Посол без верительных грамот (сборник) - Сергей Снегов 32 стр.


– Все три пункта – правильны, – подтвердил Кэссиди. – Но ведь в них не содержится ничего нового.

– Новое привнесет в них моя фантазия. Допустим, что – кроме нашего – существует еще и другой материальный мир. Например, столько говорили о звездах, о целых галактиках из антивещества. Мы пока их не встречали, но возможность антимира никто оспаривать не будет, ведь так? Так вот, прифантазируем необычный мир, существующий рядом с нашим космическим, но отличающийся одной чертой – у него иное течение времени.

– Иное течение времени? – разом воскликнули Рой и Кэссиди.
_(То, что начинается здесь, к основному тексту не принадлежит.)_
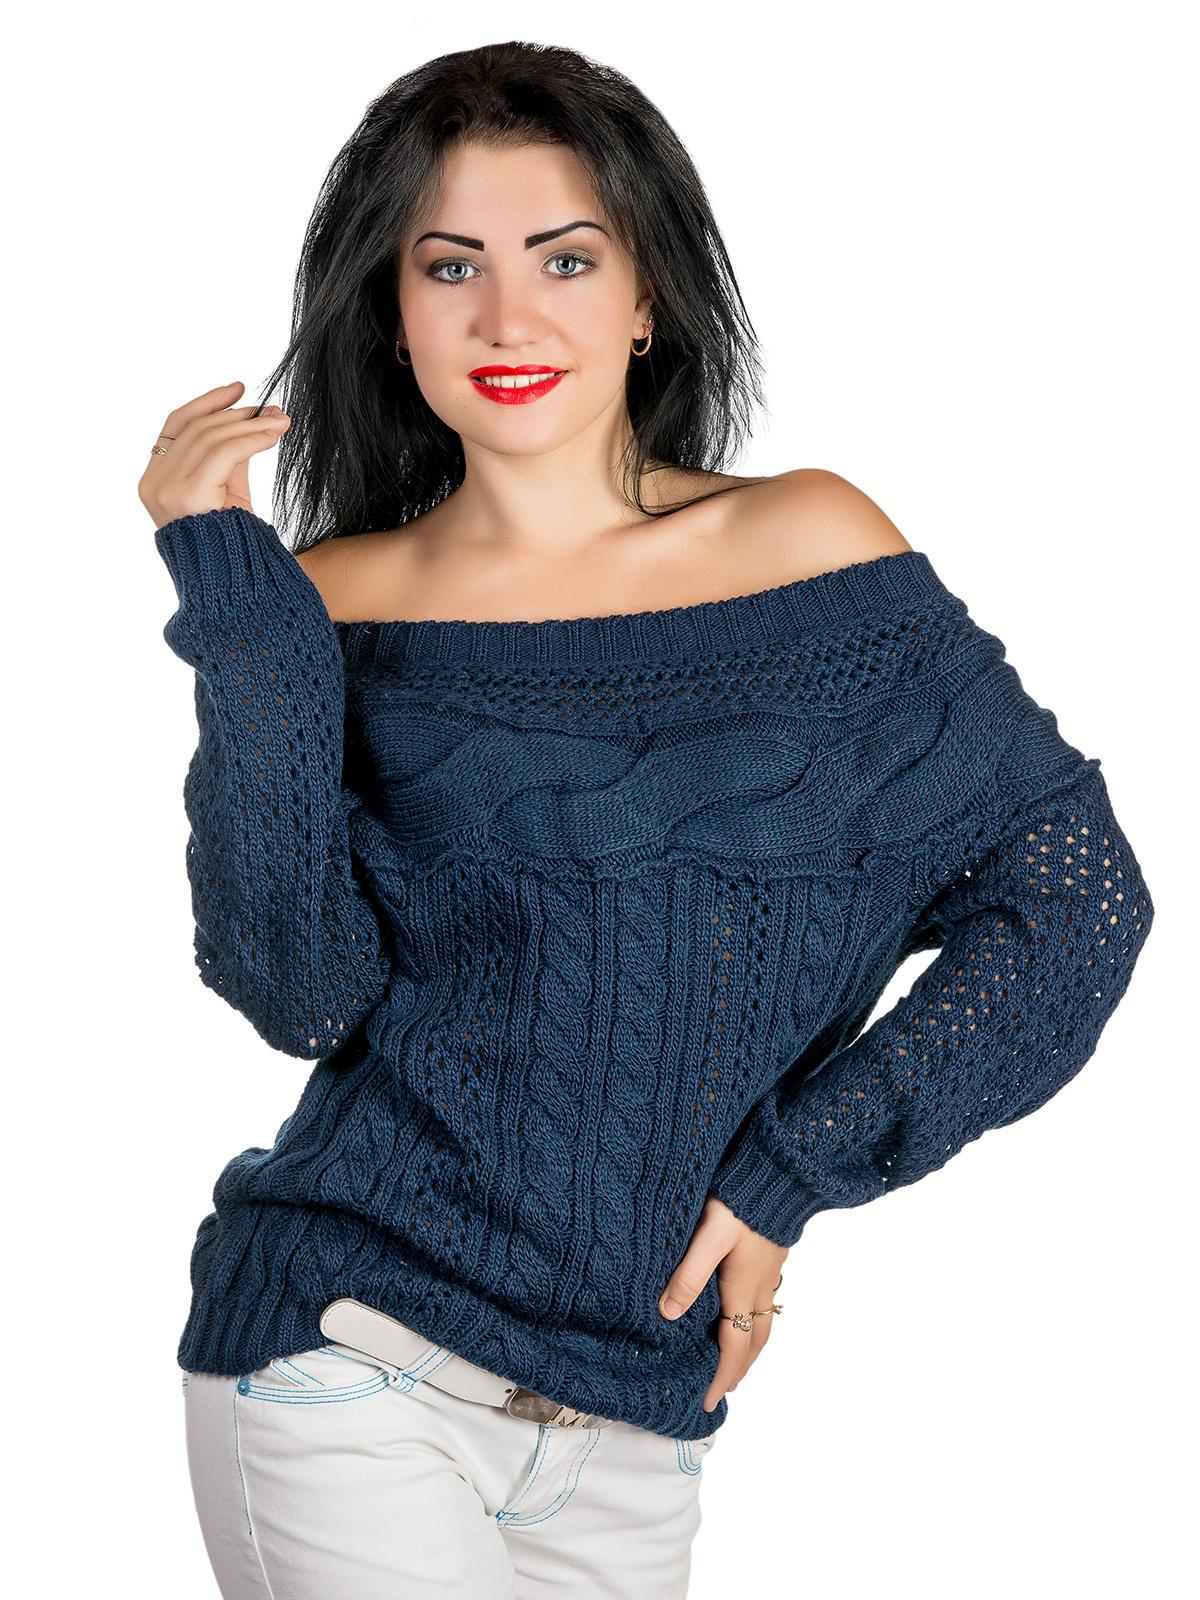 Сбор заказов. Одежда от P@lvir@ (Украина). Туники, свитера, кофты, платья и лосины из натуральной пряжи, которые согреют Вас в зимние морозы. Достойное качество по цене производителя. Октябрь.

Арутюнян только изобразил на лице удивление.

– Да, иное течение времени. Под каким-то углом, может быть, даже перпендикулярное нашему. Миры с разным временем не стыкуются, один не может перейти в другой. Мы с вами ведь не можем встретиться с Юлием Цезарем или Аристотелем, хотя и обитаем в одном с ними физическом времени: мы в разных точках этого единого времени. А если бы время было еще и физически разным по течению своему – ведь тогда невозможность встречи, немыслимость соприсутствия в пространстве стала еще очевидней. Но времена разного течения могут один раз пересекаться, как пересекаются непараллельные линии. И только одна физическая возможность дается в космосе, чтобы мир одного времени мог проникнуть в мир времени иного.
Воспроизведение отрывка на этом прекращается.